> _Task details_
With the exception of the pictures, transcribe the entire listing exactly.

------ Material provided ------

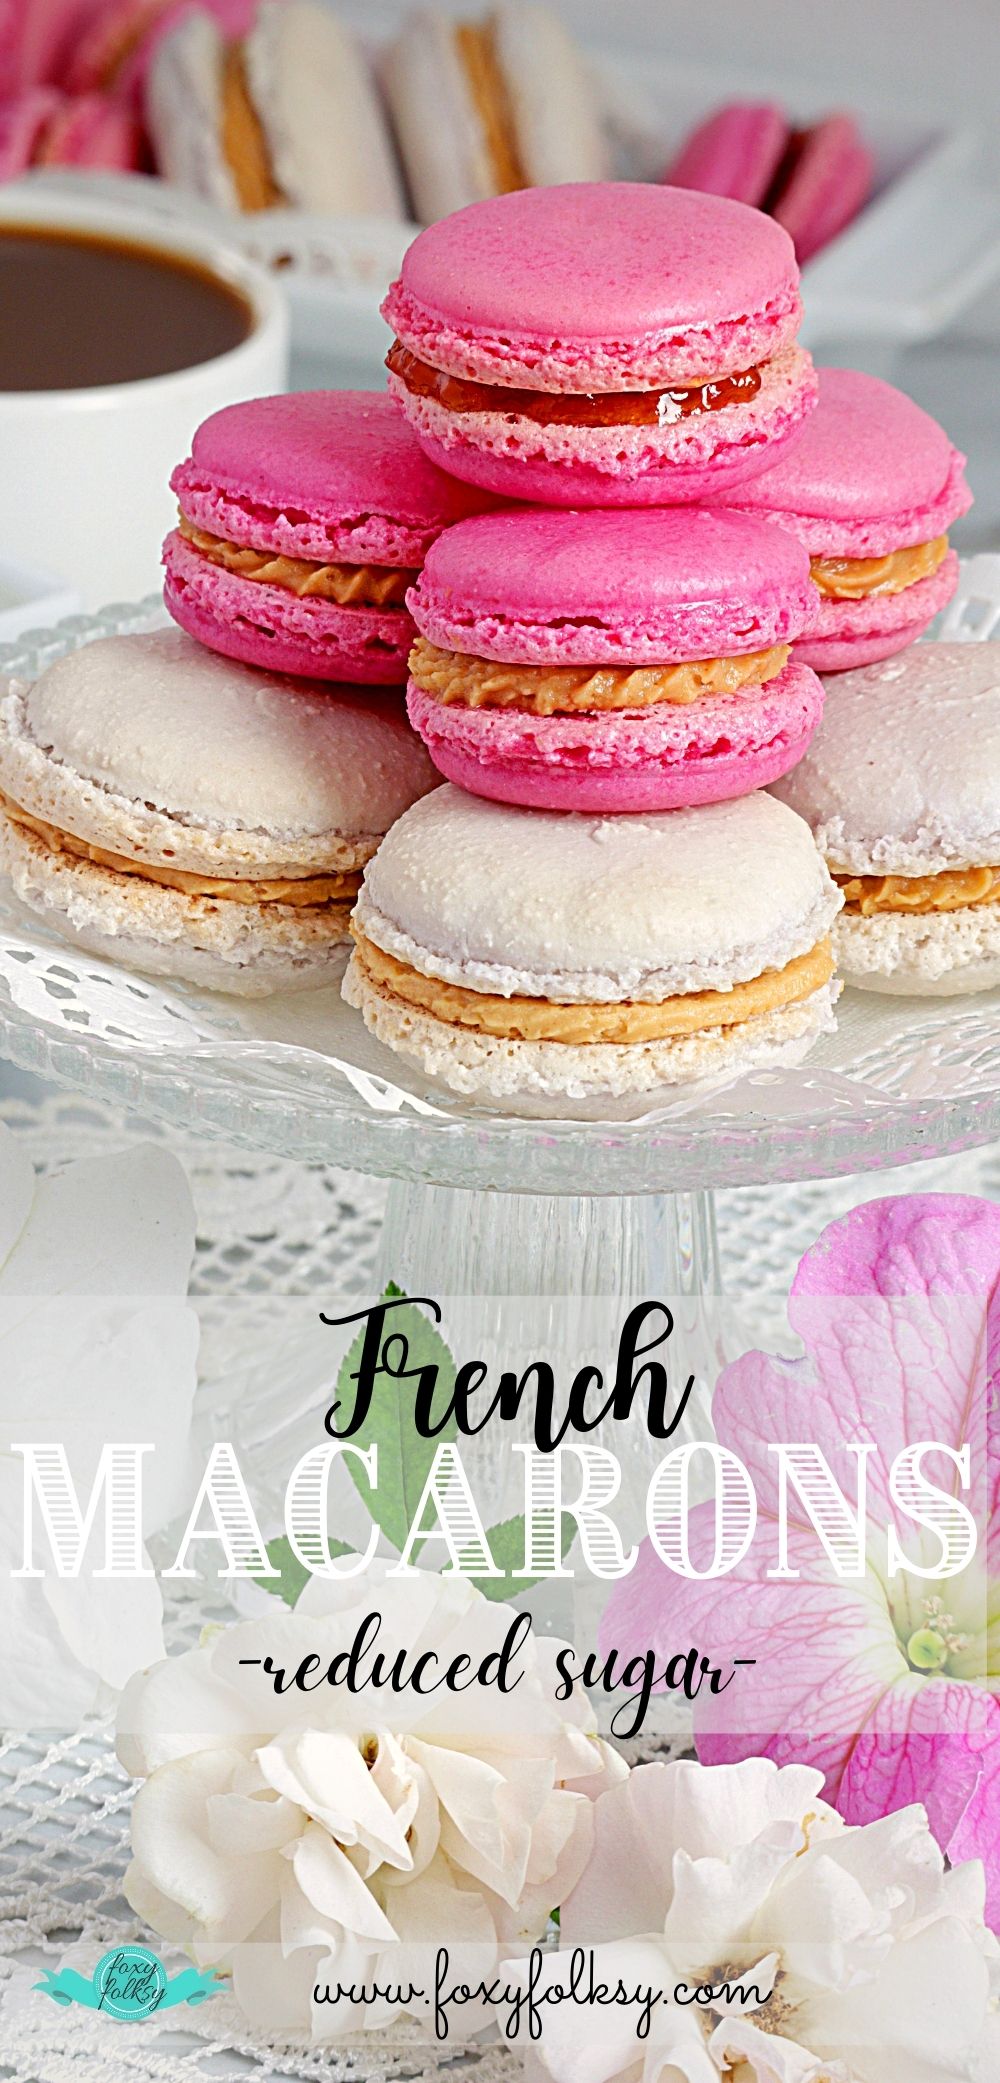 Recipe for French Macarons with reduced sugar.
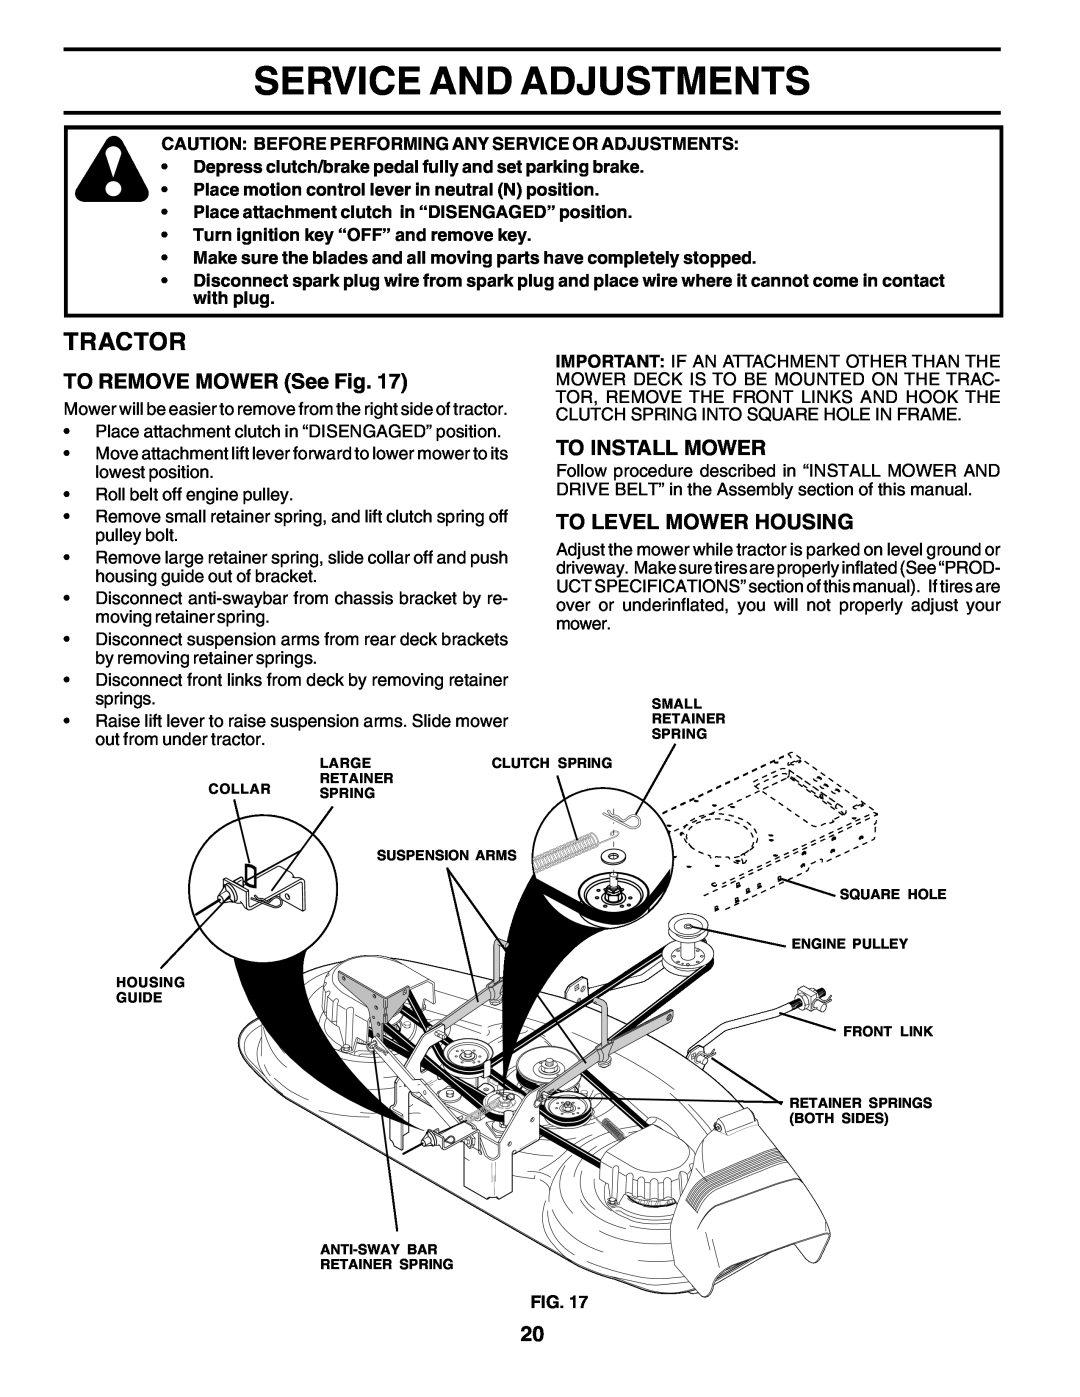 Weed Eater 178387 Service And Adjustments, Tractor, TO REMOVE MOWER See Fig, To Install Mower, To Level Mower Housing 
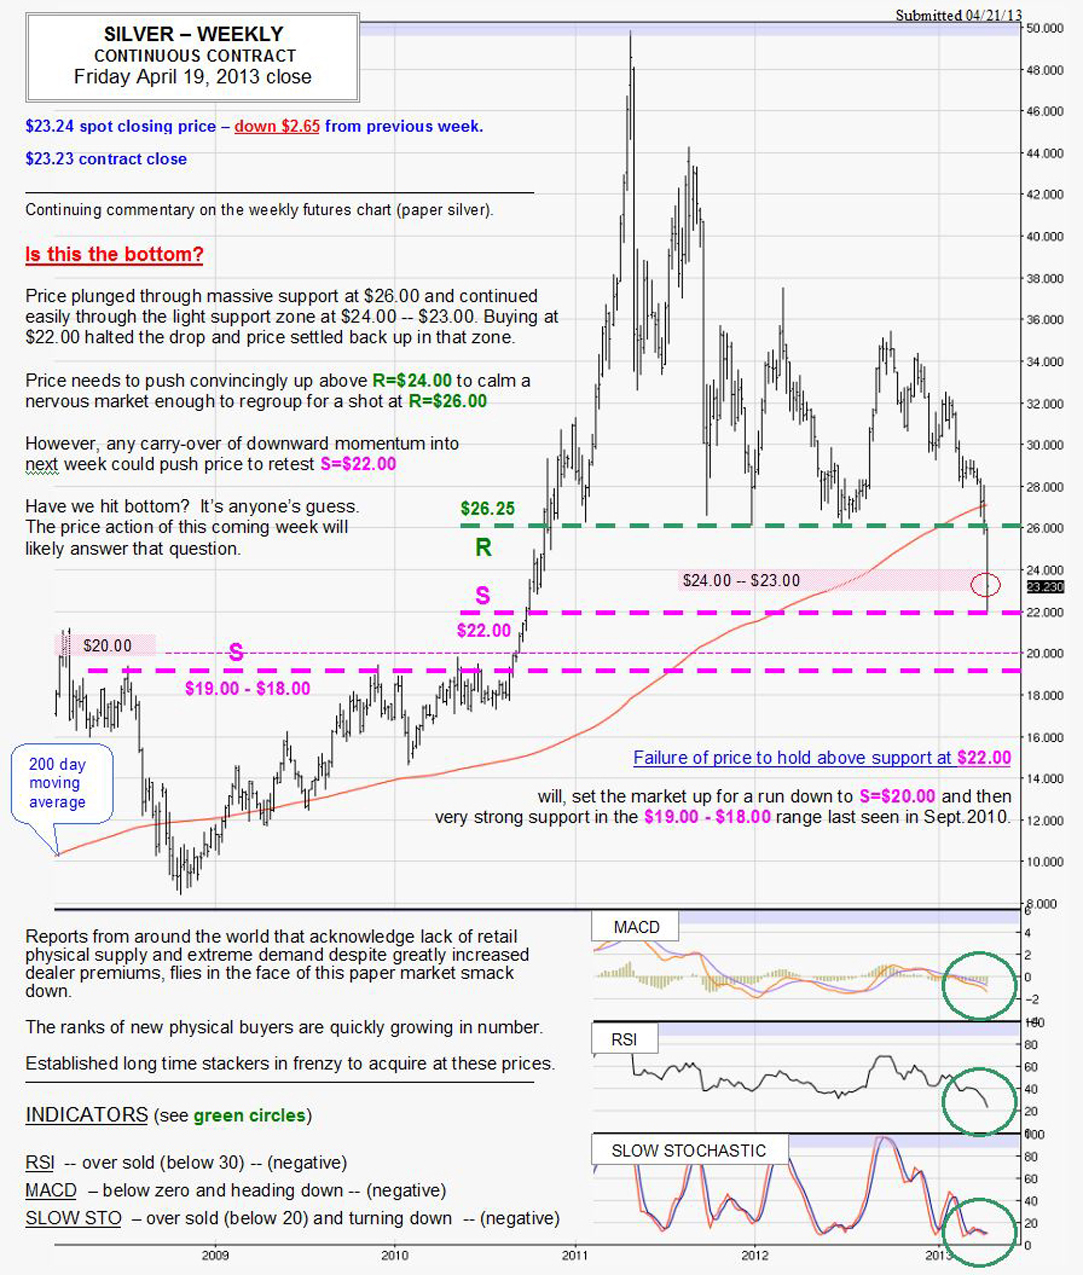 APRIL 19, 2013 chart & commentary

------

> _Solution for this problem_
 Recipe for French Macarons with reduced sugar.
 Weed Eater 178387 Service And Adjustments, Tractor, TO REMOVE MOWER See Fig, To Install Mower, To Level Mower Housing 
 APRIL 19, 2013 chart & commentary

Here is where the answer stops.